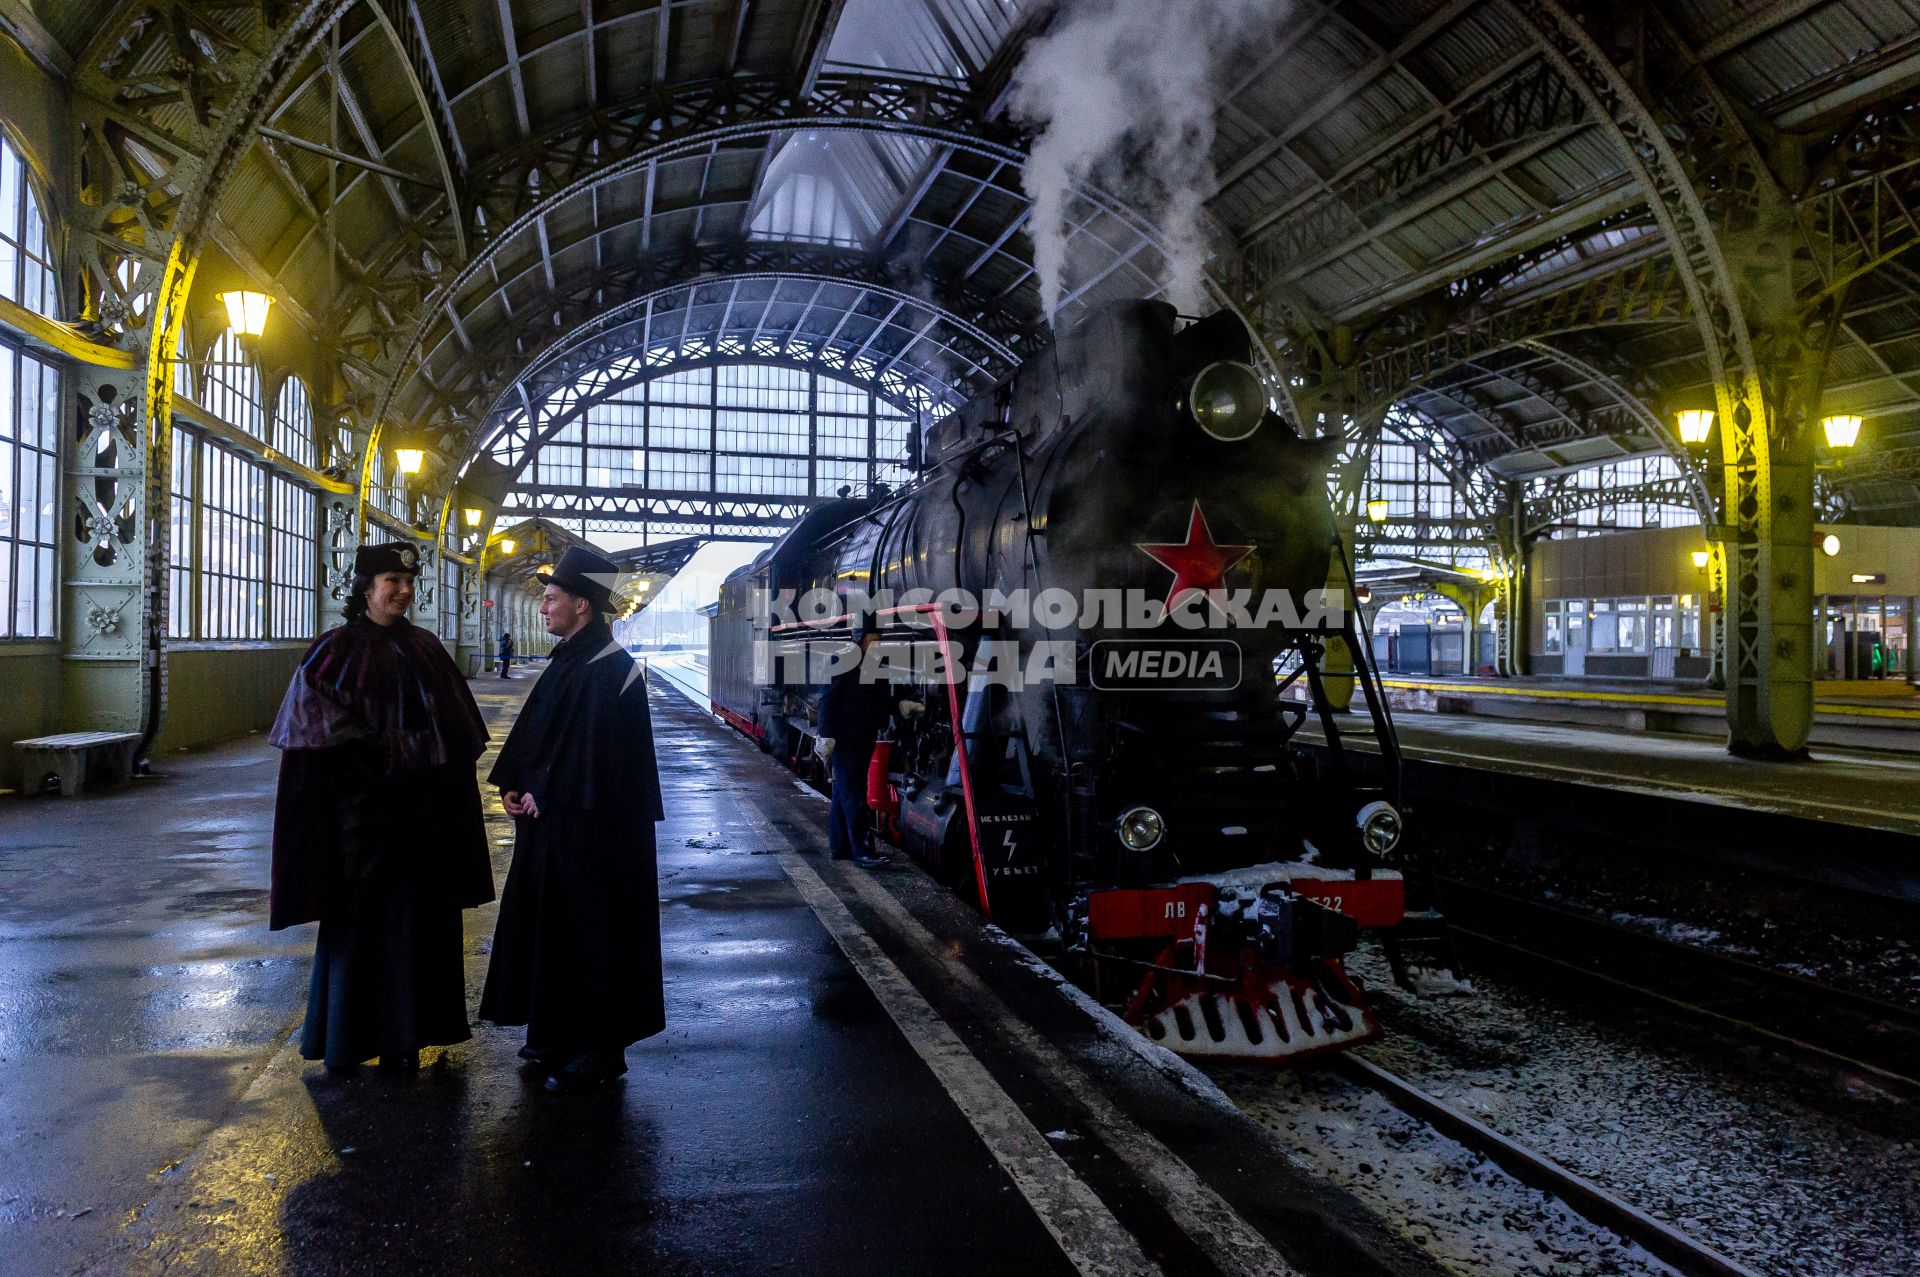 Санкт-Петербург. Исторический локомотив, участвовавший в съемках фильмов.
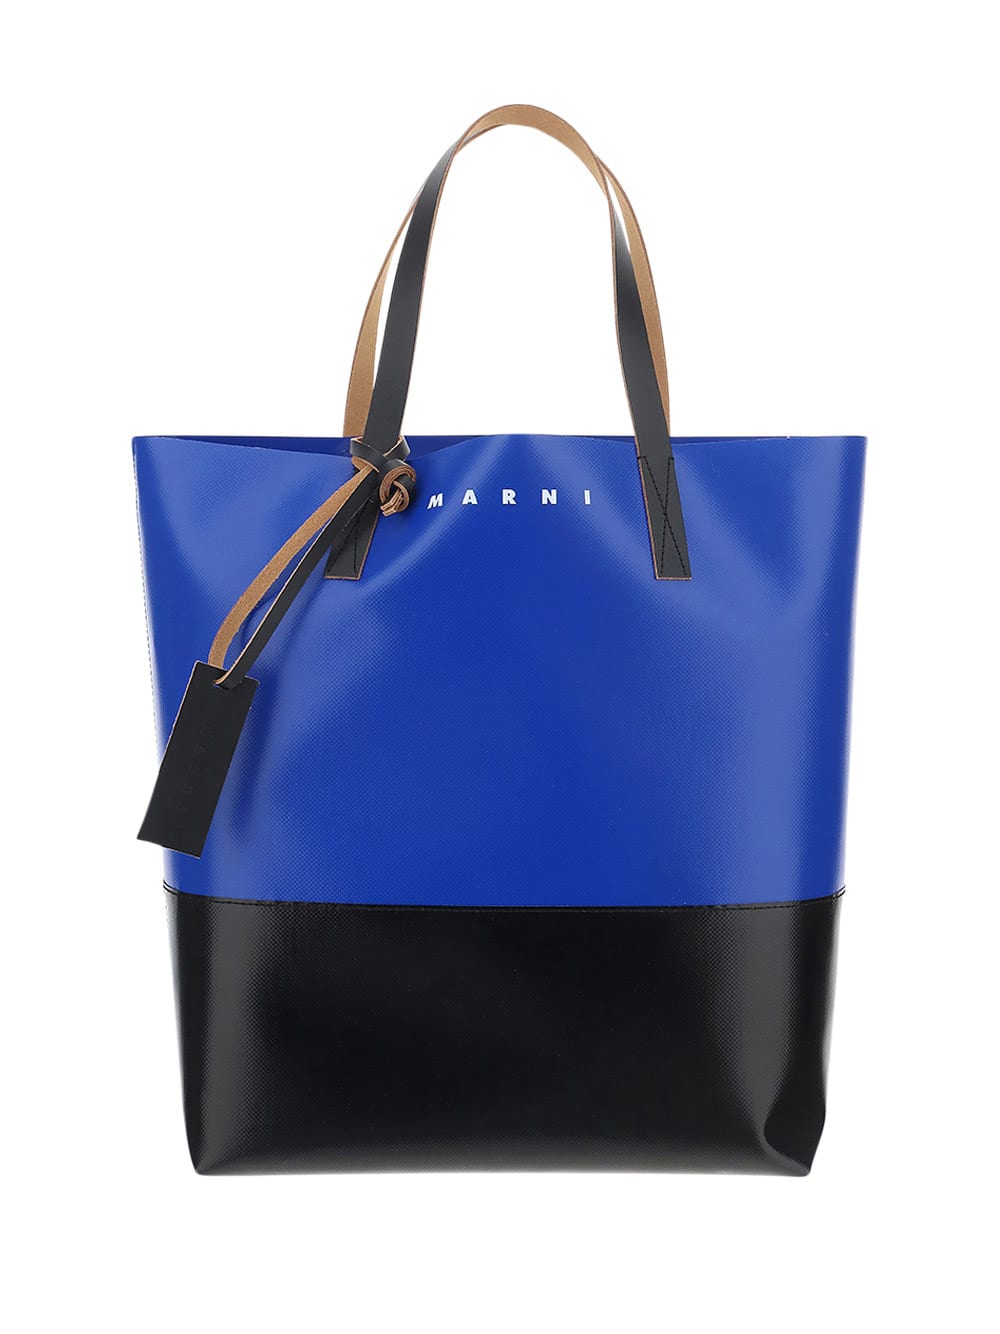 Marni Shopping Bag In Blu/nero
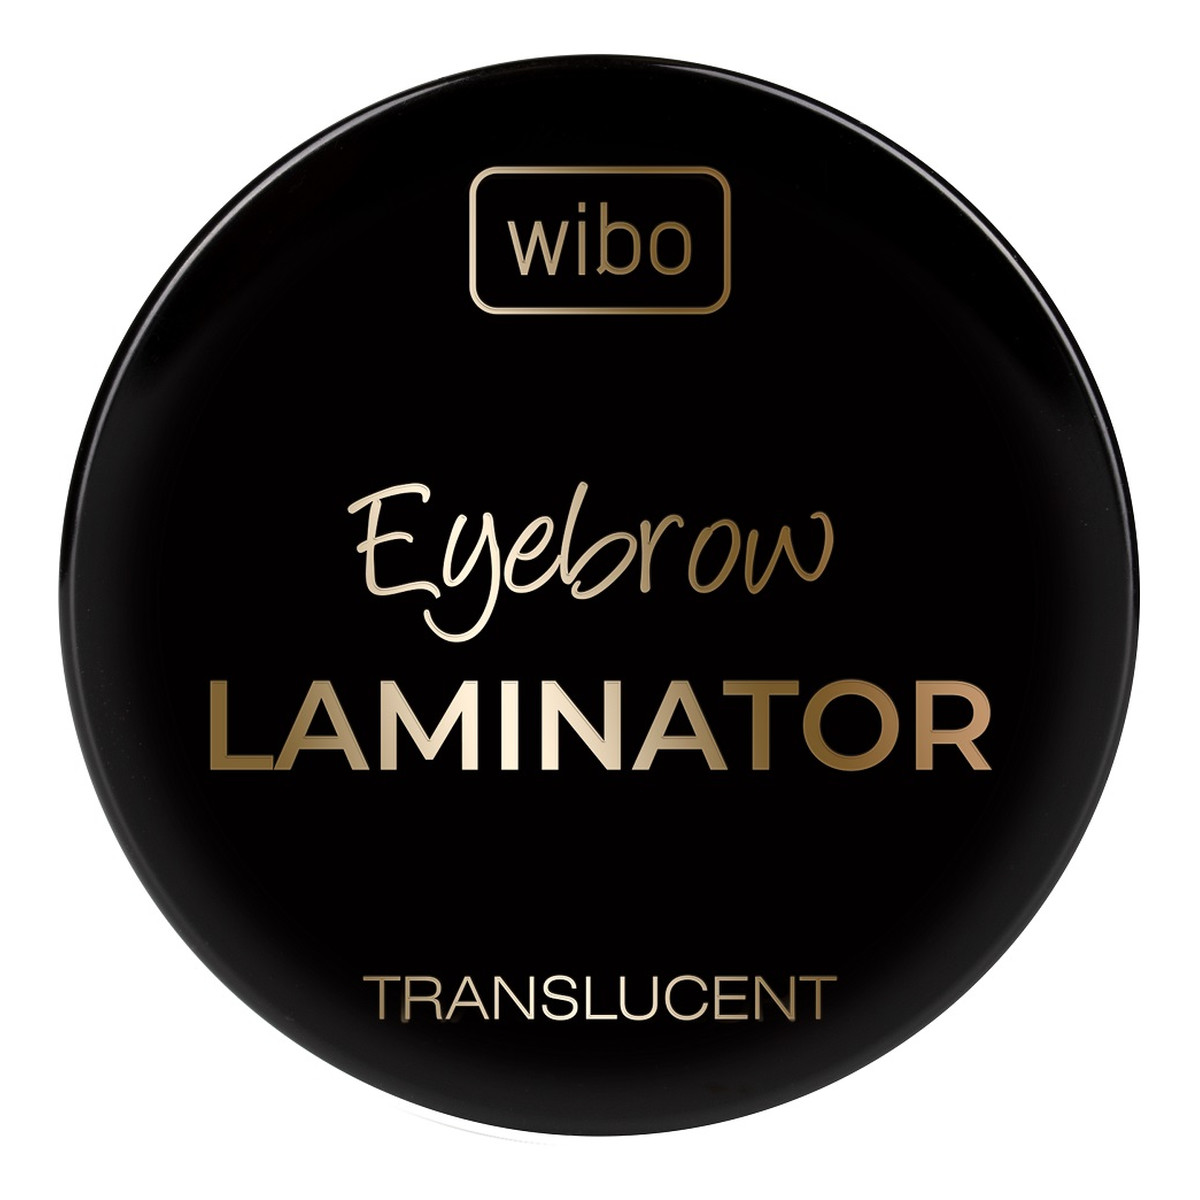 Wibo Translucent Eyebrow Laminator transparentne Mydło do stylizacji brwi 4,2 g 4.2g

[PROBLEM REQUIREMENTS]: Nothing should be printed except the lines from the one with "Marni Shopping Bag In Blu/nero" through the last line of the listing above, both ends included; please drop the pictures.

[WRITTEN SOLUTION]:
 Marni Shopping Bag In Blu/nero
 Wibo Translucent Eyebrow Laminator transparentne Mydło do stylizacji brwi 4,2 g 4.2g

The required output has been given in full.